Dr. Aymer spoke to the staff of Compassion, Peace, and Justice (CPJ) ministry unit of the Presbyterian Mission Agency via cellphone Zoom from outside Austin Presbyterian Theological Seminary where she is professor of New Testament. This was part of a meeting of all CPJ staff, including deployed staff, reflecting on the theological and Biblical grounding of their work. CPJ was in the fellowship hall of Shawnee Presbyterian Church on August 22, 2019.

Aymer:
What do you need to know about Matthew 25? (Joking response: “Everything!”)

Iosso:
The Presbyterian Mission Agency (PMA) lifts up this parable to combine both the personal response to Christ in people in need and the systemic awareness that the “Son of Man” is judging nations. There are three key applications of the text to doing justice in our mainly US context: structural racism, systemic poverty, and congregational vitality in addressing the first two, outside the church’s walls. We don’t want to reduce the Gospel even as we “operationalize” the parable’s themes. We would like to know more about how the parable works, including how the encounter with Jesus and judgment fit within Matthew’s Gospel. For example, we often don’t talk about what happens to the goats. 

Aymer:
The lectionary leaves that out, too.

Let’s start with how the text works in Matthew. We need to start with some underlying premises for all of the texts in the New Testament. We do not know who wrote Matthew. But we are pretty sure about the following things:

  • Matthew almost certainly had Mark’s Gospel, from which sections are taken verbatim. 
  • Thus Matthew is at best the second oldest of the Gospels.
  • Matthew is written after the fall of Jerusalem (AD 70), for both Jews and the early Christians the greatest trauma in their living memory.
  • A lot of the living generations never knew the Temple. The focus is on what it means to be a faithful Jew, a faithful believer in God, through understanding Jesus as Messiah, in light of the fact that all of this large tragedy has occurred.
  • Thus the trauma of Jesus’ death by crucifixion and the trauma of the destruction of the Temple are entwined.
  • This is an agrarian society under occupation and the occupying power is robbing the land of all its resources—this is the critique in Revelation as well.
  • There are certainly persons who are poor, naked, thirsty, under guard awaiting whatever rough justice the Romans want to mete out. These are realities. 
  • The apocalyptic texts get at some of this overarching threat.

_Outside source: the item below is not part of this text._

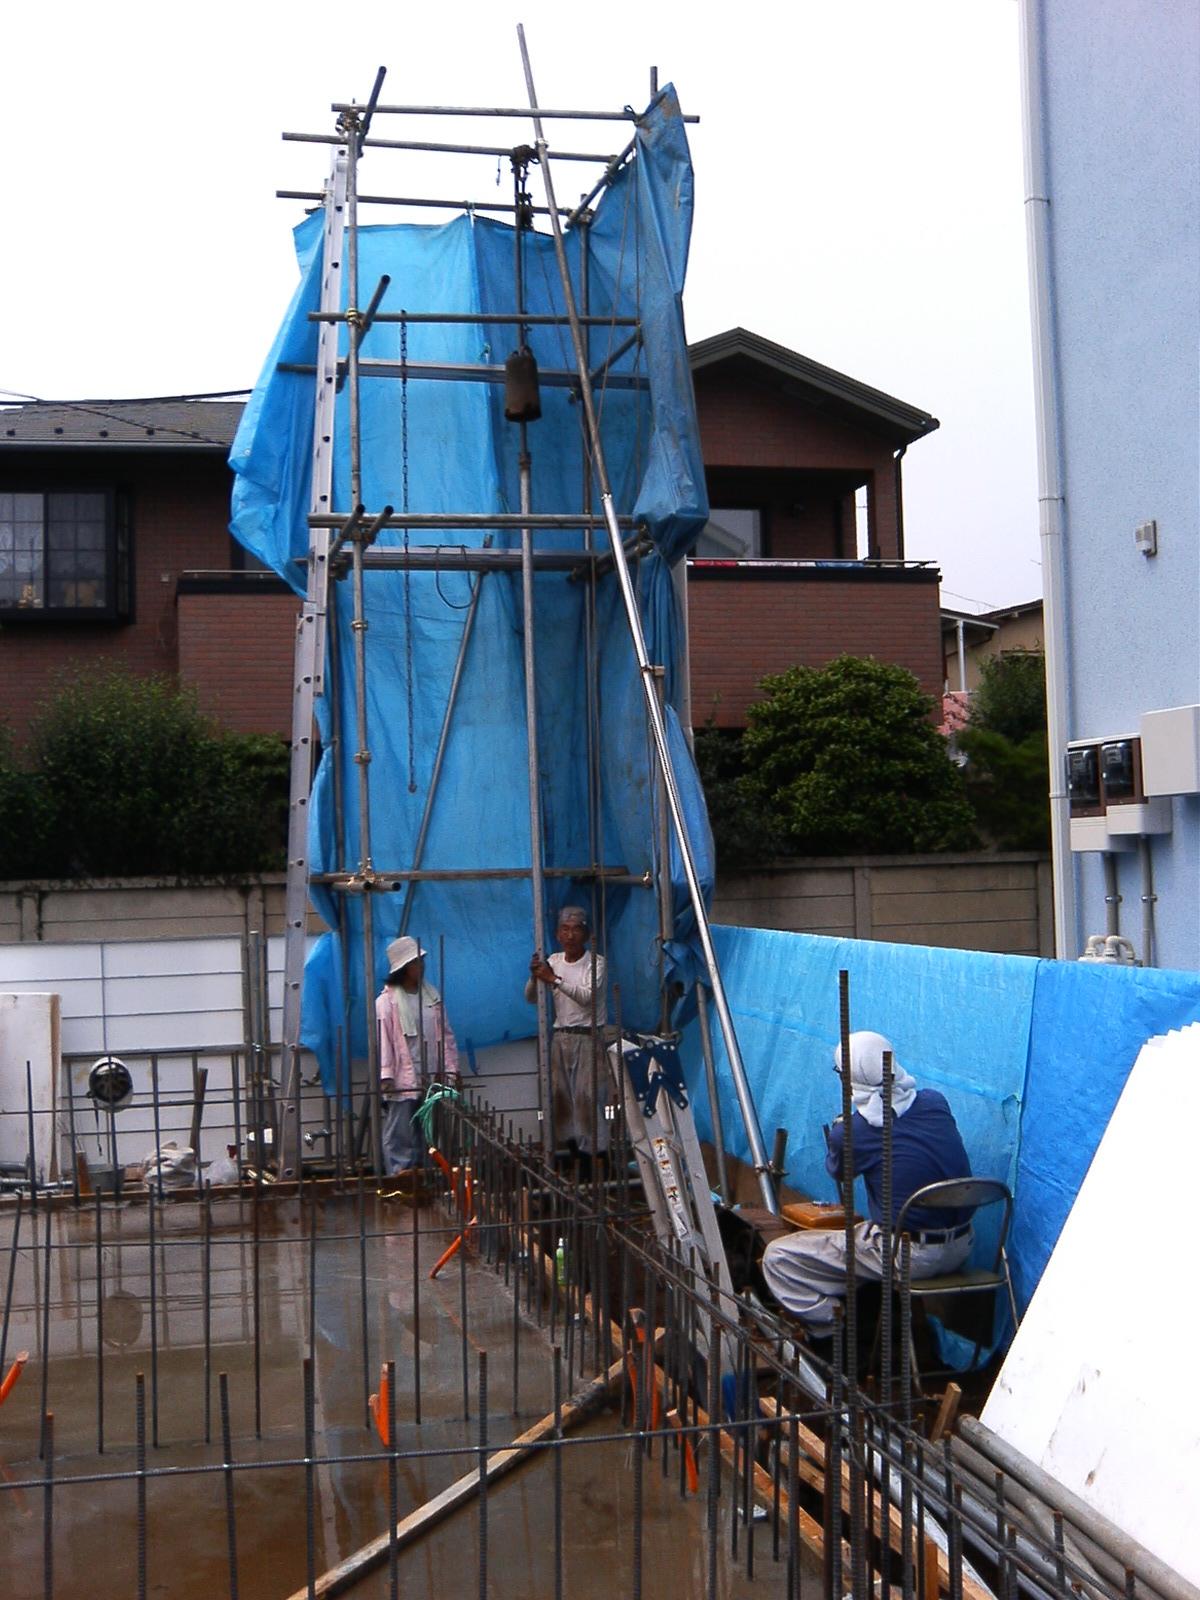 vol.2ローコスト外断熱に''井戸堀り''?

Another big theme in Matthew is that some people are not very nice—in fact, are evil, but yet are woven into the society and world and do not seem to be receiving any justice. The Temple has fallen and God has not responded, Jesus was crucified and is risen, and yet what do we do with the presence of the unjust as well as just mixed together? Matthew has the parable about the wheat and tares (weeds) mixed together, and the fisherman catching all kinds of fish and needing to sort them. The idea of people being sorted into good and bad is not new in Matthew, nor in the chapter 25 text, it is a common theme.

A third big theme is the concern for the oppressed and the poor, and especially for how the Christian church itself is being treated. This is important for us to remember as Western Christians, as we are generally in a position of safety and relative power. We have laws that protect our right to worship, to gather, we are considered legitimate, mainstream, and sometimes we have been (or are) the power behind the throne. This is not the situation of Matthew’s church.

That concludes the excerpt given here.